◆ PROBLEM REQUIREMENTS
Without the pictures, retype each line below exactly as it stands.

◆ INPUT DATA

============

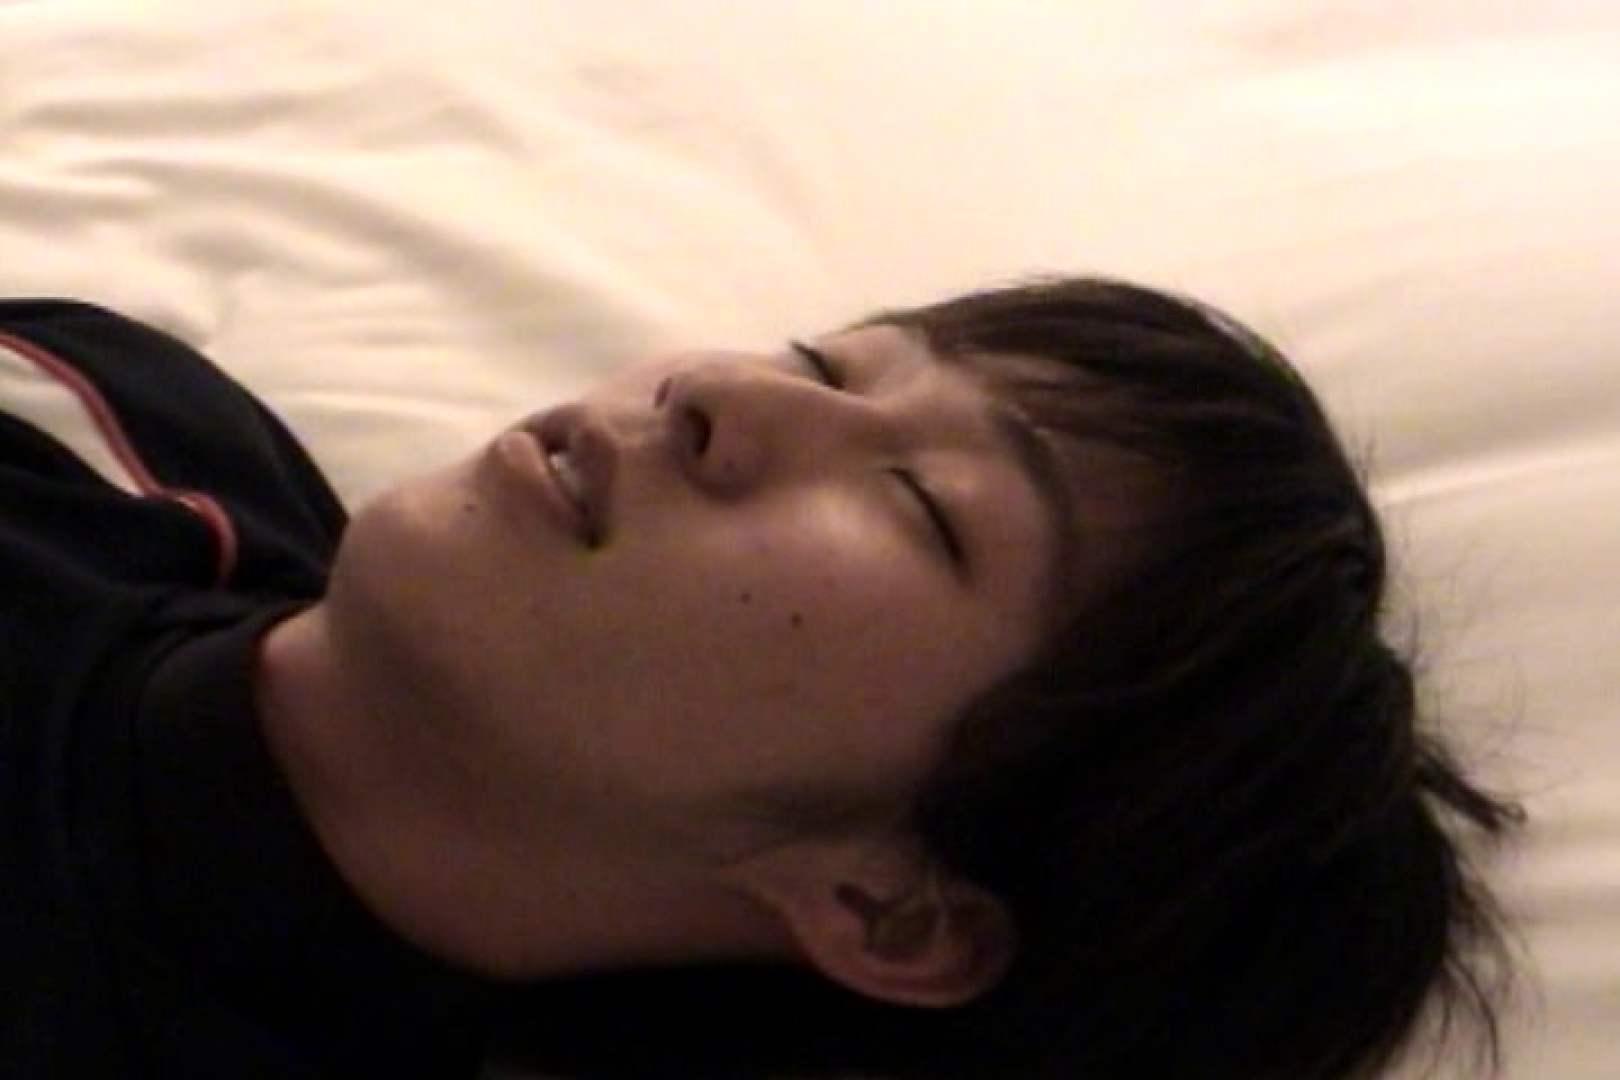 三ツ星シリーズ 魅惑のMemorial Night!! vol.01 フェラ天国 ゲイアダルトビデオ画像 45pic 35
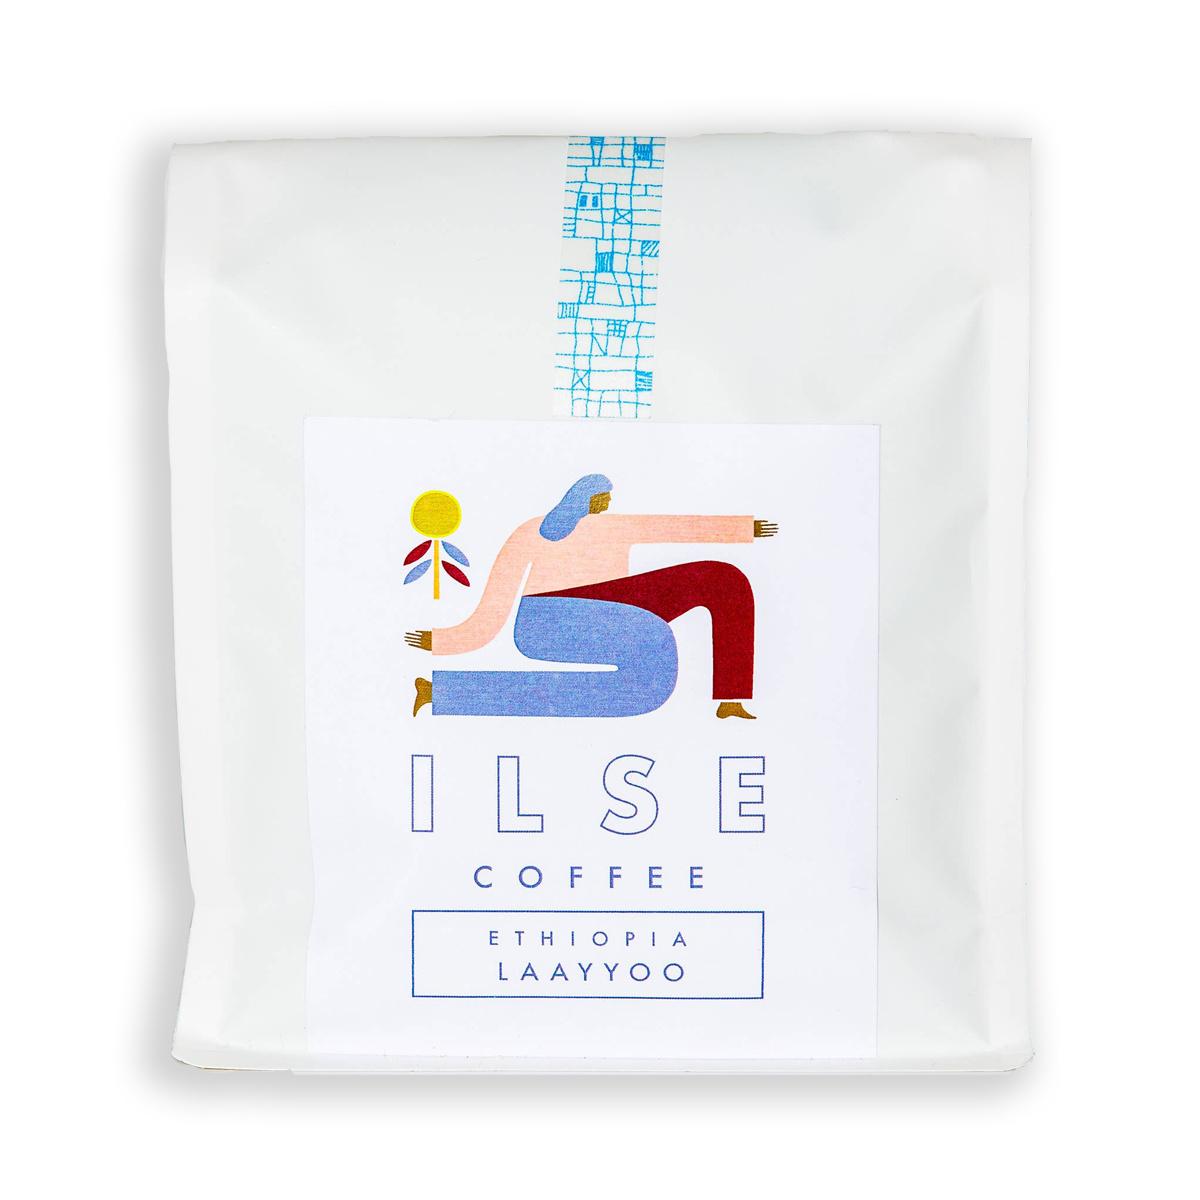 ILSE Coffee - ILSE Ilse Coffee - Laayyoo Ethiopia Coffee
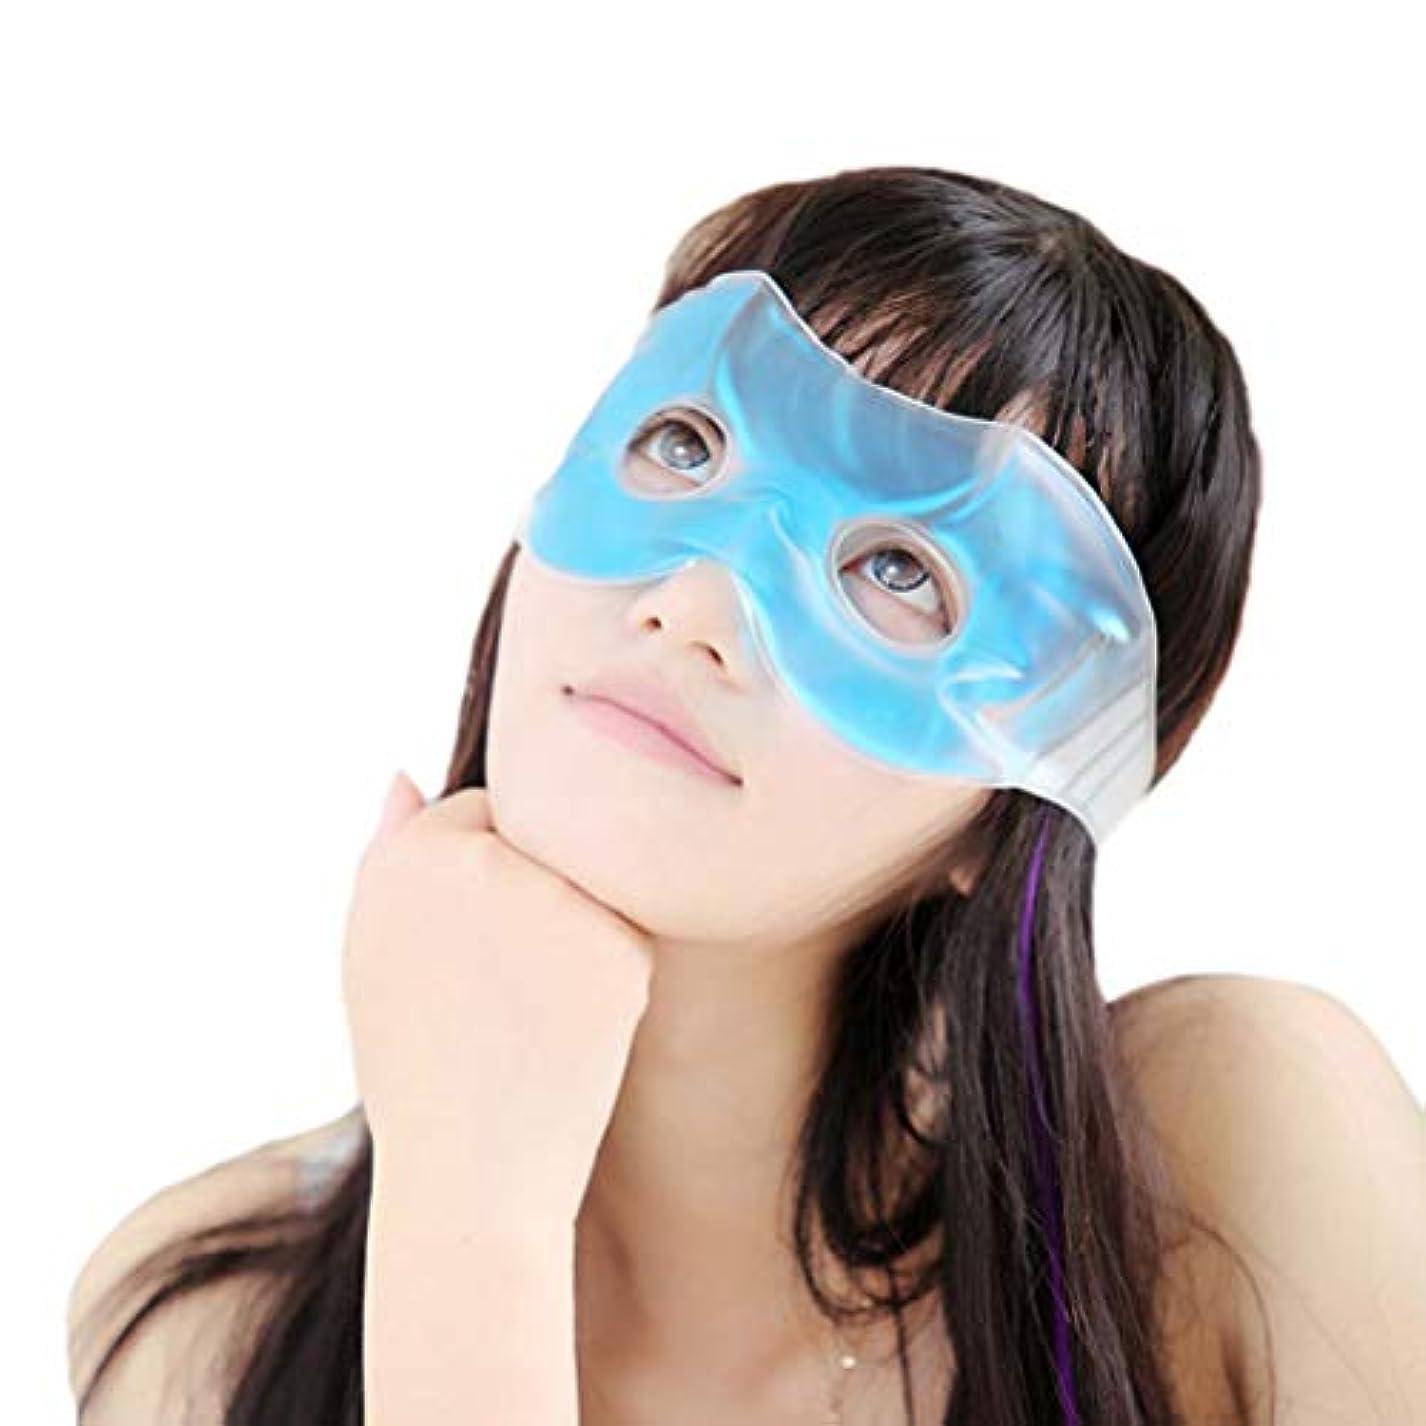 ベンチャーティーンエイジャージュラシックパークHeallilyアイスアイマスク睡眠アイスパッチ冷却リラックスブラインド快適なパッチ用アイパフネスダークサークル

============

◆ OUTPUT OF THE EXERCISE
 三ツ星シリーズ 魅惑のMemorial Night!! vol.01 フェラ天国 ゲイアダルトビデオ画像 45pic 35
 ILSE Coffee - ILSE Ilse Coffee - Laayyoo Ethiopia Coffee
 ベンチャーティーンエイジャージュラシックパークHeallilyアイスアイマスク睡眠アイスパッチ冷却リラックスブラインド快適なパッチ用アイパフネスダークサークル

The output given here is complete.